How does someone who resisted Western culture come to embrace it? How does another person once infatuated with Westernization come to oppose it? Bit by bit. One piece at a time, over time.

• “Pretty Lady,” meanwhile, has a foreign sailor singing to a young woman in her garden when he passes her house. When I saw the play performed, this song was, musically, absolutely beautiful, with some of the most gorgeous singing in the whole production; yet the attitude betrayed by the lyrics is vile. “Give a lonely sailor half an hour,” and then he’ll go away without a care how his temporary pleasure affects the rest of your life, blissfully ignorant even of what it could mean in your culture. His vulgar proposition would’ve been offensive enough in 1850s America but was utterly unthinkable in 1850s Japan: this respectable young woman is not a prostitute, but he speaks to her like one. I suspect we’re meant to recall a line from the earlier song “Welcome to Kanagawa” noting that seabirds don’t know the difference between pine and bamboo.

• The final song, “Next,” glides over history into the 1970s, when Pacific Overtures first opened. It uses a series of quick, trivia-style statements to illustrate the radical change in Japan from the conditions described at the start of the musical. Japan was isolated; now it competes aggressively in global markets. Japan was pre-industrial; now it’s one of the most technologically advanced places on earth. A country that was forced to join the world economy now thrives near the top of it, in some ways surpassing the nation that bullied it into being there. (Japanese cars sold in Detroit, for instance.)

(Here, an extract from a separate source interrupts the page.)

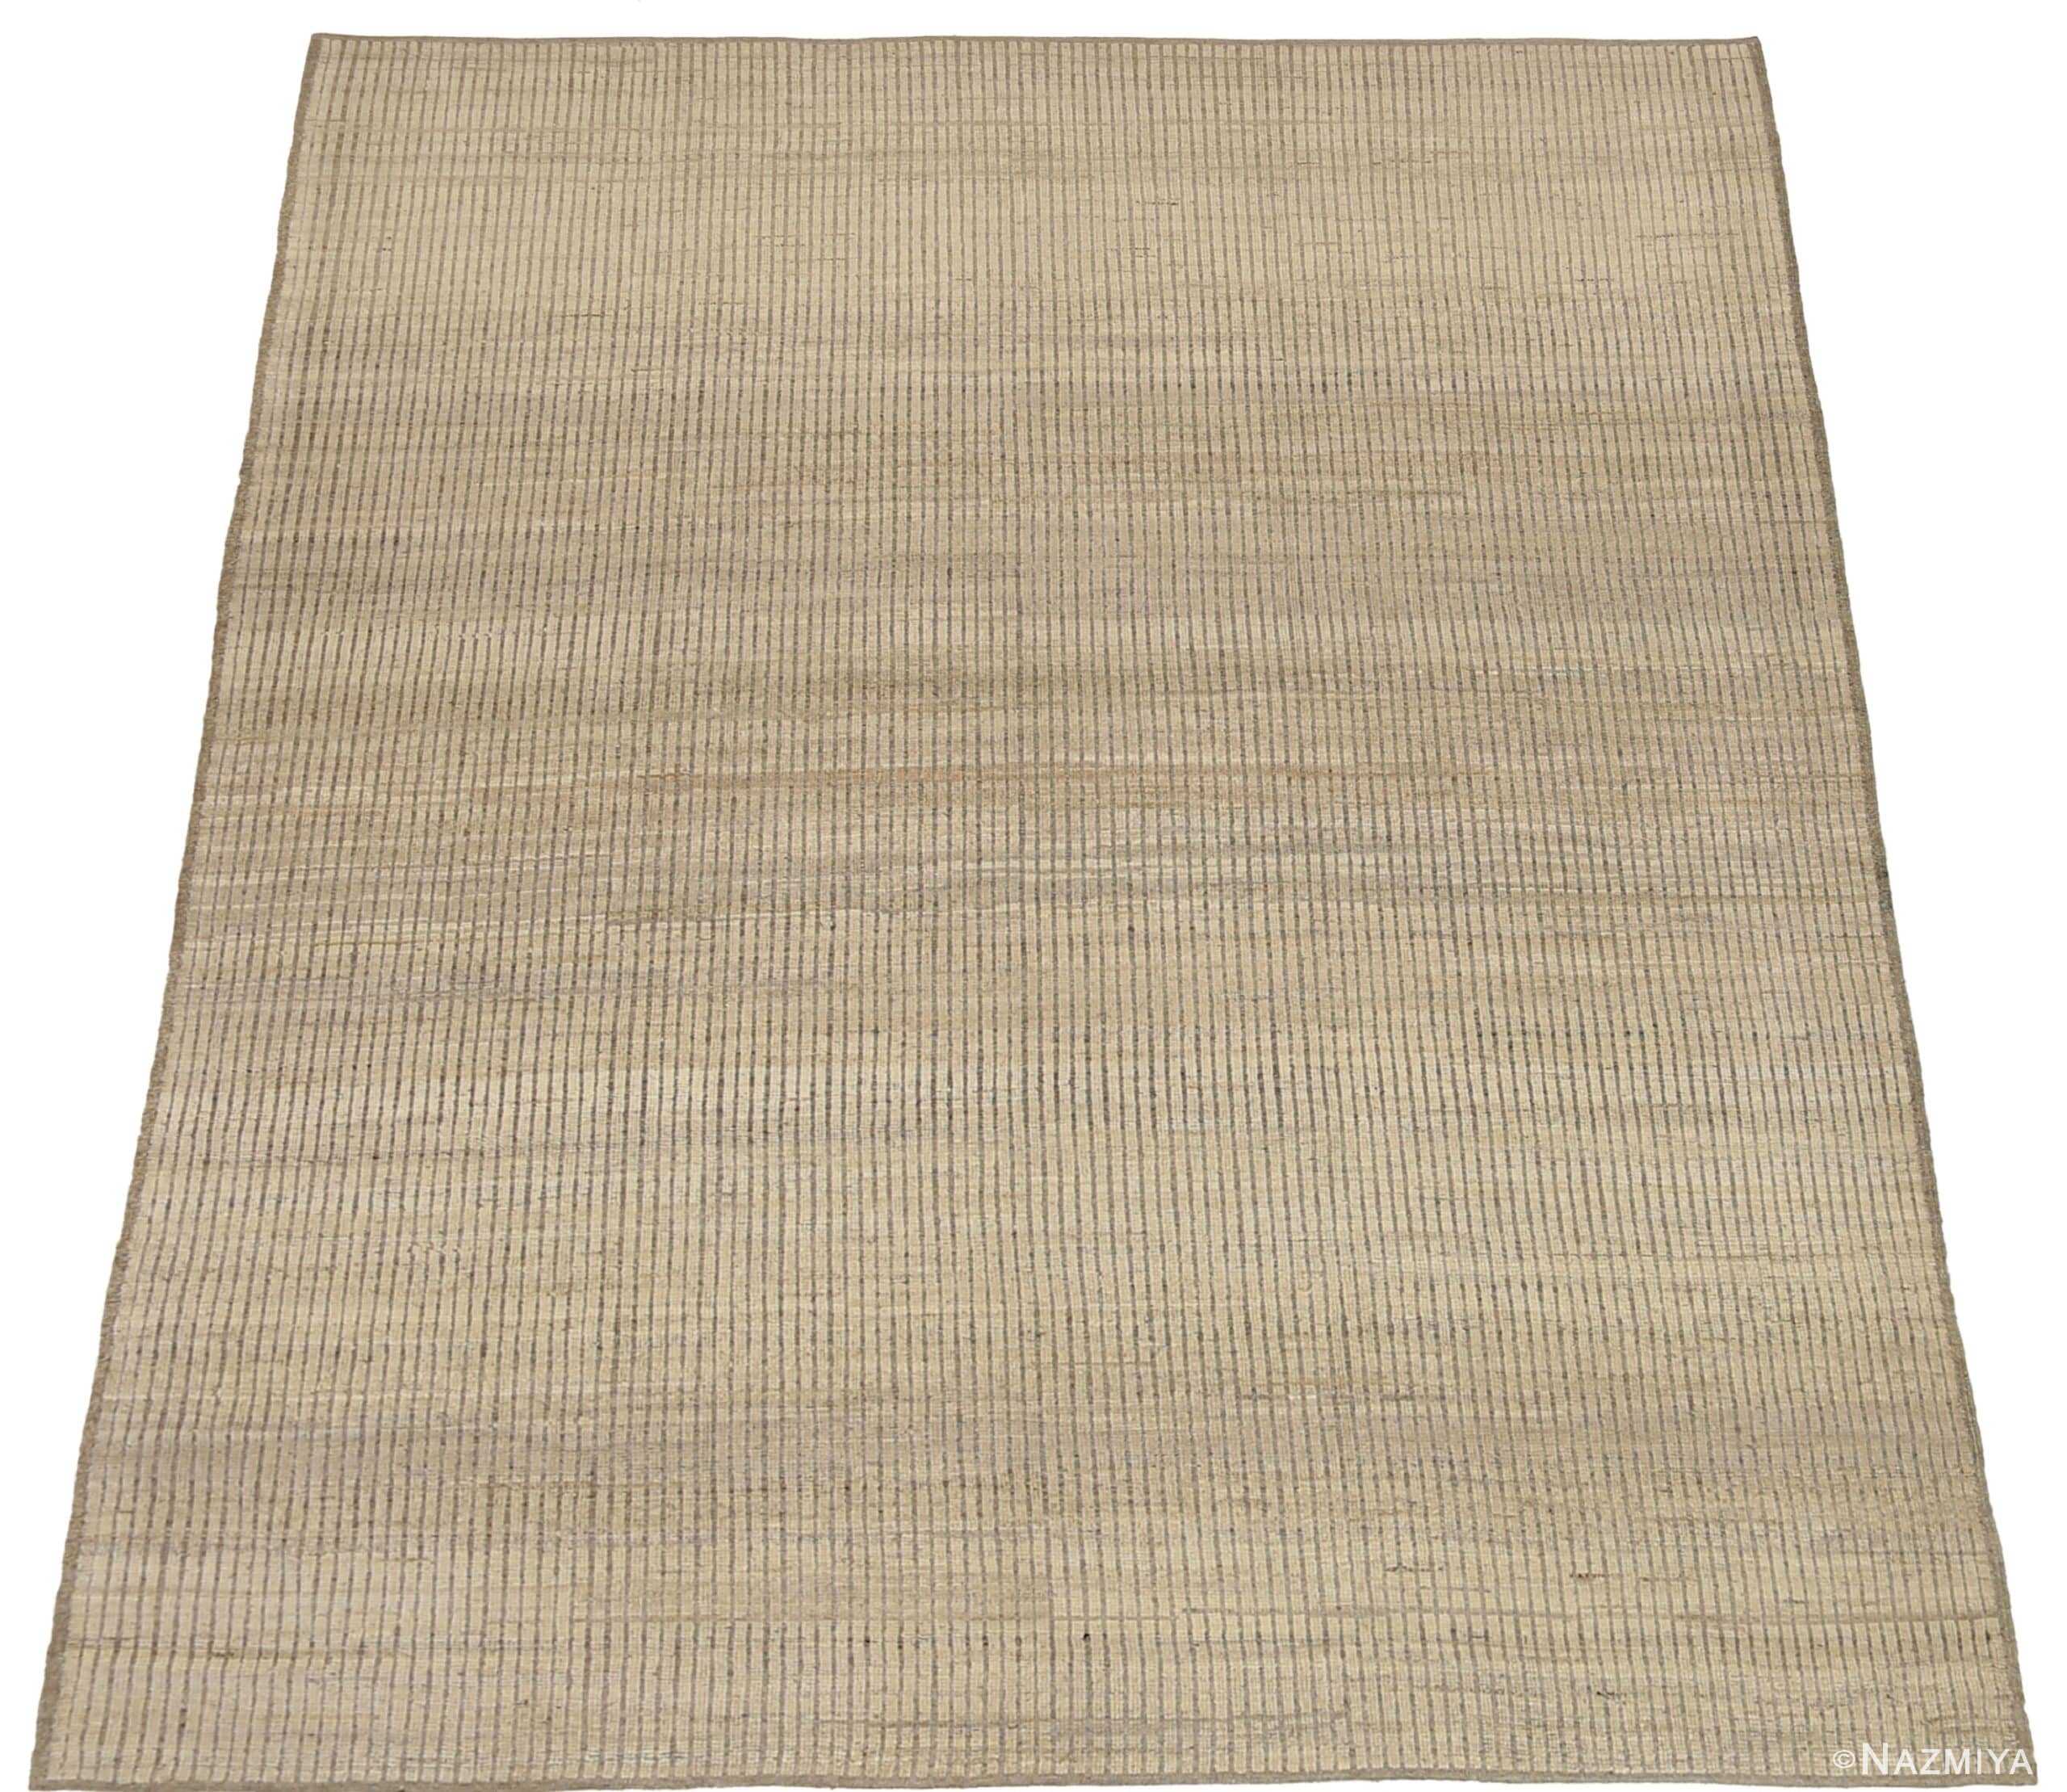 Whole View Of Artichoke Color Textured Modern Distressed Rug 60827 by Nazmiyal Antique Rugs

It’s interesting what’s left out here, though: in between the time of the story and the time the musical was produced, Japan shaped itself into a global military power, capable of conquering other countries and threatening world stability; then, after World War II, the U.S. forced Japan to give up its military. After compelling Japan to modernize, the Western world reversed that particular element of Japan’s modernization.

• I don’t know how significant it is that the musical was first performed in 1976, the Bicentennial year of the United States. A musical isn’t written in a day, and the uncertainties of funding and production mean creators might not have much control over when a work is finally put on stage. But at a moment when the U.S. was waving flags and cheering freedom, putting “Bicentennial Minutes” on TV, and celebrating an entire year like it was the Fourth of July, here was this Broadway production pointing to one of those times in the country’s past when the U.S. didn’t respect other people’s freedom or right to self-determination because economic gain seemed more important.

And acted without any idea what the long-term consequences would be.